A snippet of the main Ceph log file, showing osd.8 and osd.23 flapping, and PG 1.3e4 starting the backfill process after which they go down again:

2019-03-31 06:26:02.406944 mon.prox1 mon.0 192.168.1.81:6789/0 744951 : cluster [INF] osd.8 failed (root=default,host=prox7) (connection refused reported by osd.0)
2019-03-31 06:26:02.409424 mon.prox1 mon.0 192.168.1.81:6789/0 744969 : cluster [INF] osd.23 failed (root=default,host=prox6) (connection refused reported by osd.6)
2019-03-31 06:26:03.324917 mon.prox1 mon.0 192.168.1.81:6789/0 745198 : cluster [WRN] Health check failed: 2 osds down (OSD_DOWN)
2019-03-31 06:26:03.325094 mon.prox1 mon.0 192.168.1.81:6789/0 745199 : cluster [WRN] Health check update: 489/5747322 objects misplaced (0.009%) (OBJECT_MISPLACED)
2019-03-31 06:26:04.550642 mon.prox1 mon.0 192.168.1.81:6789/0 745201 : cluster [WRN] Health check failed: Reduced data availability: 2 pgs peering (PG_AVAILABILITY)
2019-03-31 06:26:06.186950 mon.prox1 mon.0 192.168.1.81:6789/0 745203 : cluster [WRN] Health check update: Degraded data redundancy: 586/5747346 objects degraded (0.010%), 15 pgs degraded, 1 pg undersized (PG_DEGRADED)

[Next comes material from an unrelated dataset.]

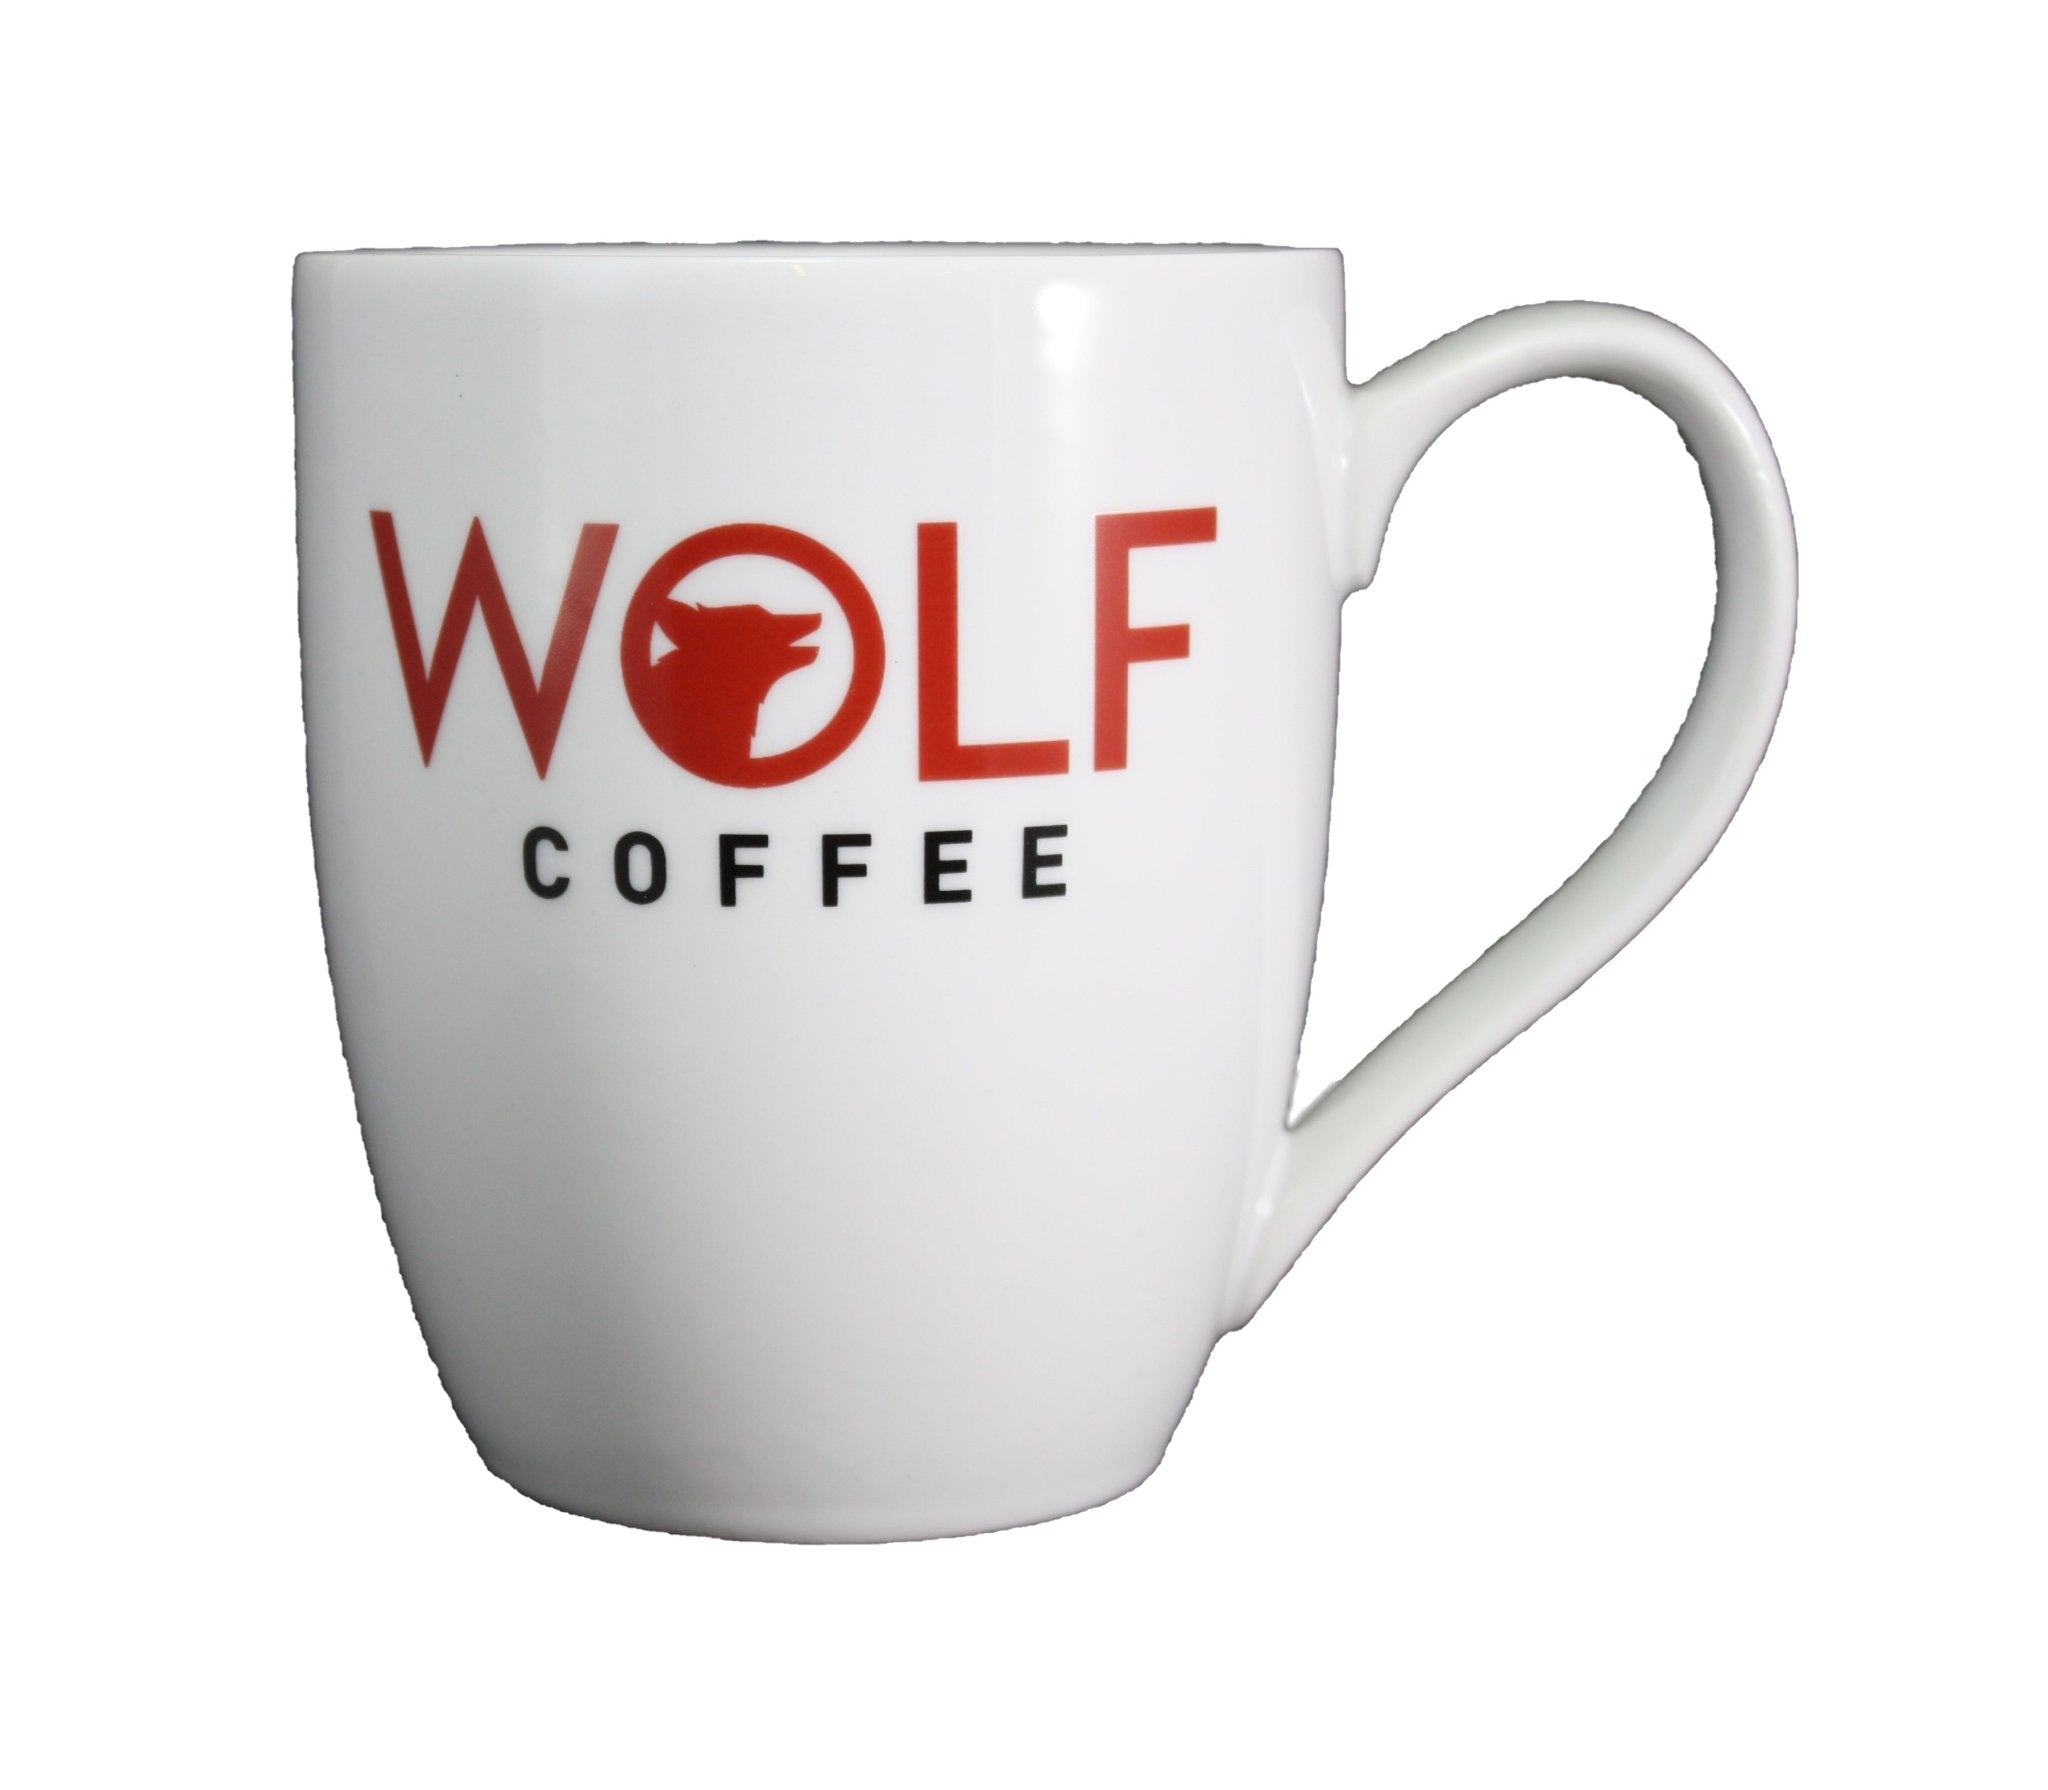 https://www.wolfcoffee.com/cdn/shop/products/16-oz-wolf-coffee-mug-684919_2048x.jpg?v=1698433495

2019-03-31 06:26:08.543045 mon.prox1 mon.0 192.168.1.81:6789/0 745204 : cluster [WRN] Health check update: 3668/5747490 objects misplaced (0.064%) (OBJECT_MISPLACED)
2019-03-31 06:26:10.873192 mon.prox1 mon.0 192.168.1.81:6789/0 745206 : cluster [WRN] Health check update: Reduced data availability: 2 pgs inactive (PG_AVAILABILITY)
2019-03-31 06:26:11.187406 mon.prox1 mon.0 192.168.1.81:6789/0 745207 : cluster [WRN] Health check update: Degraded data redundancy: 453462/5747499 objects degraded (7.890%), 297 pgs degraded (PG_DEGRADED)
2019-03-31 06:26:16.187967 mon.prox1 mon.0 192.168.1.81:6789/0 745208 : cluster [WRN] Health check update: 3668/5747499 objects misplaced (0.064%) (OBJECT_MISPLACED)
2019-03-31 06:26:34.987288 mon.prox1 mon.0 192.168.1.81:6789/0 745210 : cluster [WRN] Health check update: 3668/5747502 objects misplaced (0.064%) (OBJECT_MISPLACED)
2019-03-31 06:26:34.987356 mon.prox1 mon.0 192.168.1.81:6789/0 745211 : cluster [WRN] Health check update: Degraded data redundancy: 453462/5747502 objects degraded (7.890%), 297 pgs degraded (PG_DEGRADED)
2019-03-31 06:26:40.280592 mon.prox1 mon.0 192.168.1.81:6789/0 745214 : cluster [WRN] Health check update: 1 osds down (OSD_DOWN)
2019-03-31 06:26:40.430710 mon.prox1 mon.0 192.168.1.81:6789/0 745215 : cluster [INF] osd.23 192.168.1.86:6817/3115652 boot
2019-03-31 06:26:41.190103 mon.prox1 mon.0 192.168.1.81:6789/0 745217 : cluster [WRN] Health check update: 3668/5747508 objects misplaced (0.064%) (OBJECT_MISPLACED)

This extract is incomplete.